I did try using yahoo user name, etc. When starting new account it accepts all input info but when in Entourage to send a message a window pops up and indicates password is wrong. I will try the links per n00ber.

Thanks.

Paul K.


----------



## n00ber (Dec 6, 2003)

Hi Guys, i tried to used my yahoo account before... and i entered my account info in all possible ways, and still could not get it to work until i read about yahoo will not allow you to use your yahoo mail unless you get their paid Yahoo Mail Plus, i think somehow Yahoo knows what mail service you are trying to connect form, via HTPP, POP3 client, etc and checks your yahoo user ID to see if you are a current Yahoo Mail plus user.

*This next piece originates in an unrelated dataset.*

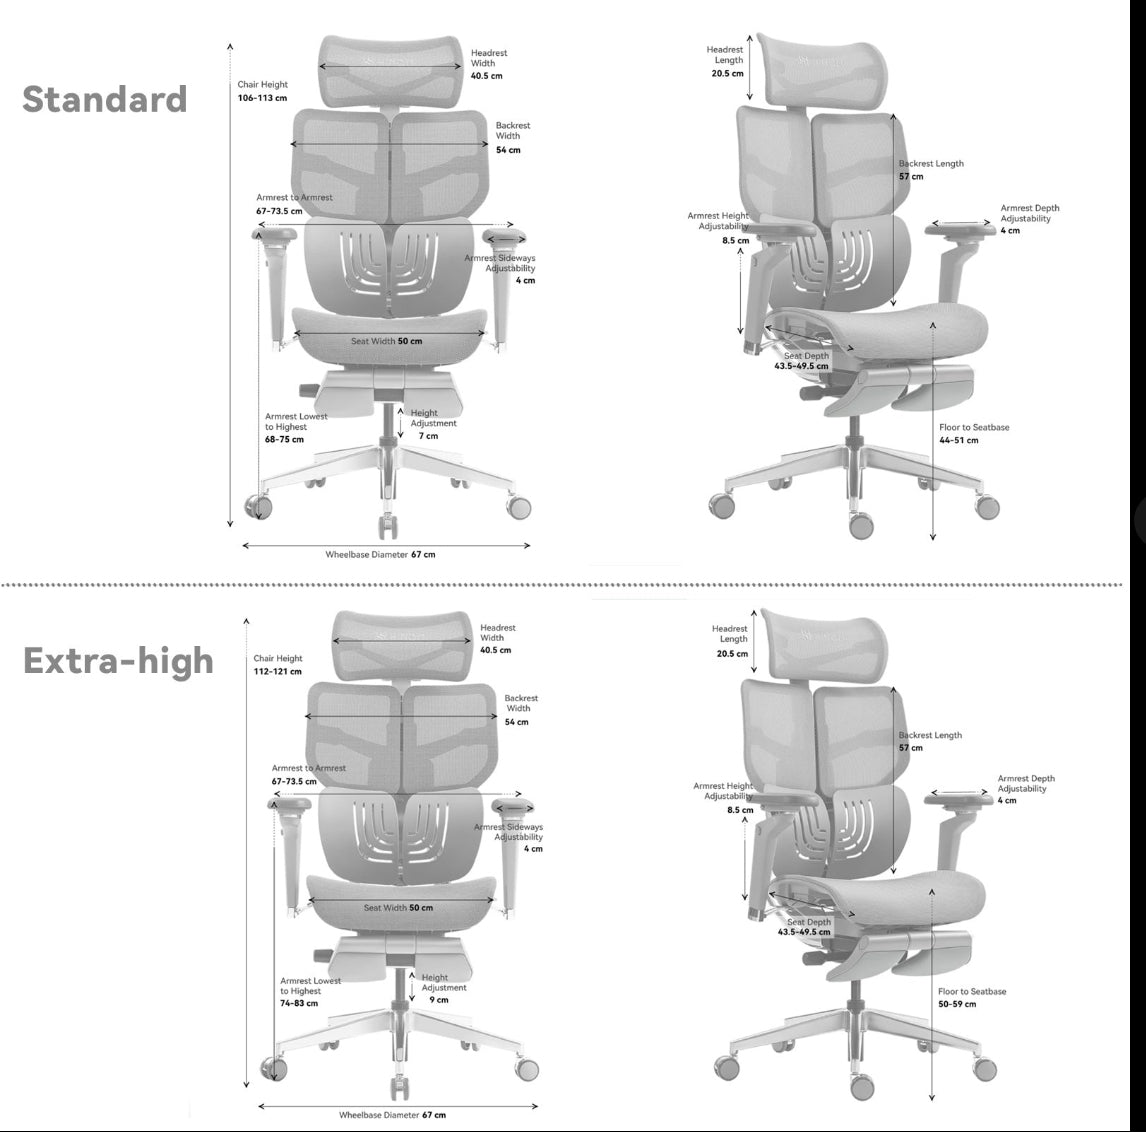 HINOMI X1 Ergonomic Office Chair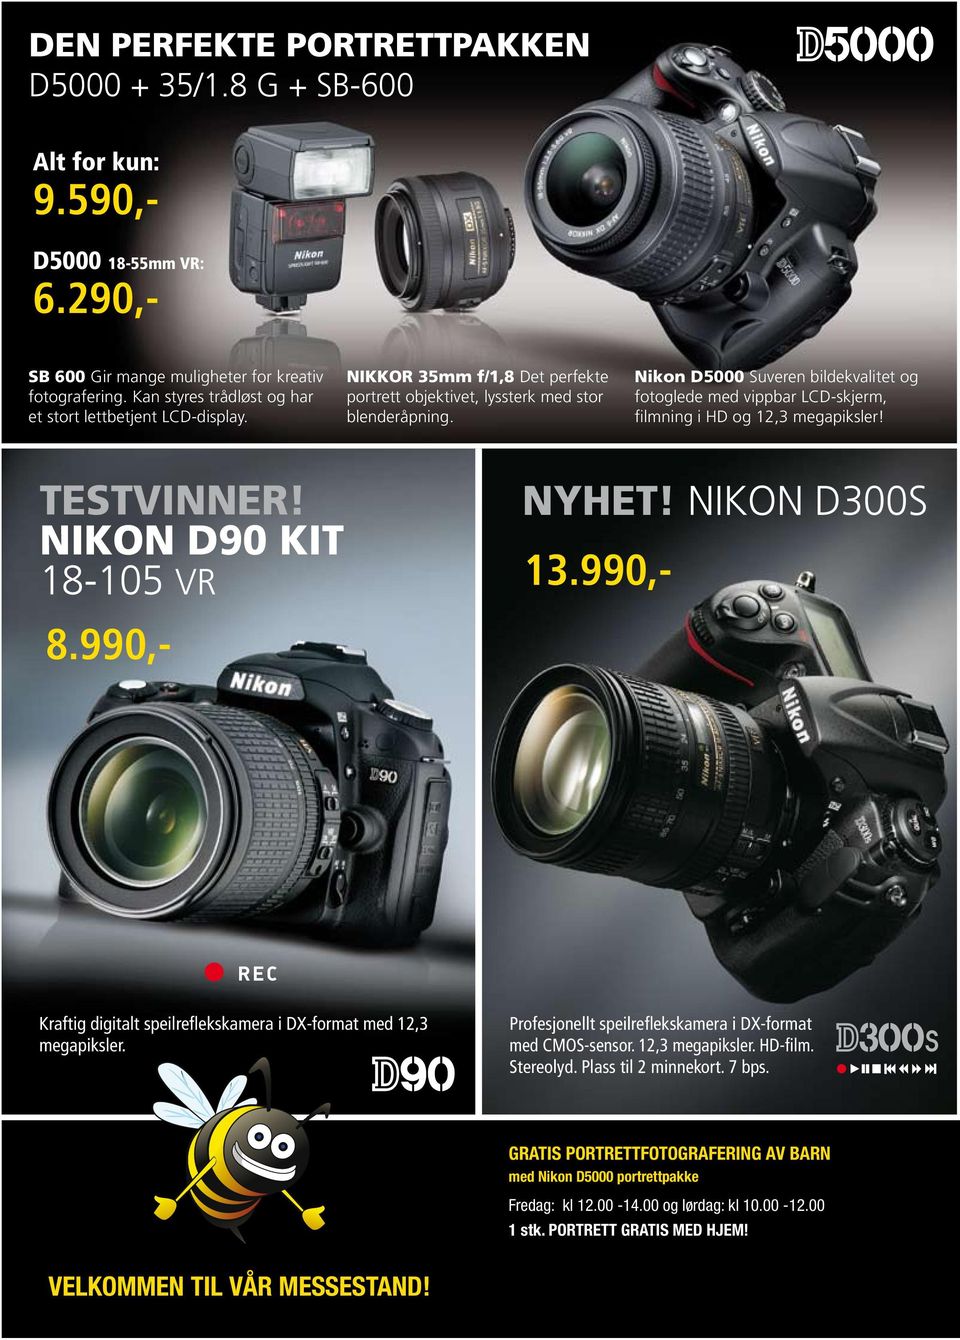 Nikon D5000 Suveren bildekvalitet og fotoglede med vippbar LCD-skjerm, filmning i HD og 12,3 megapiksler! testvinner! NYHet! NiKoN D300S NIKON D90 KIt 18-105 VR 13.990,- 8.

If you want to use outlook to view your email you have 2 options.
Subscribe to mail plus:

or download and install *YPOPS* which pretty much works as a GATEWAY..read more about it in the following link:

http://ypopsemail.com/

Thanks!


----------



## n00ber (Dec 6, 2003)

oops.. sorry but i think this is only for Windows computers. Not for the Mac.. looks like they've remove the Mac version of this product. I'll look around and see what else can i find.

See ya!


----------



## sagarthework (Jul 27, 2007)

I am using macfreepops 2.2 great little program i have it set up with Apple mail...

You can set it up to download from your accounts...

Regards,

Sagar:up:


----------



## n00ber (Dec 6, 2003)

Cool, thanks for that dude! i will try that.


----------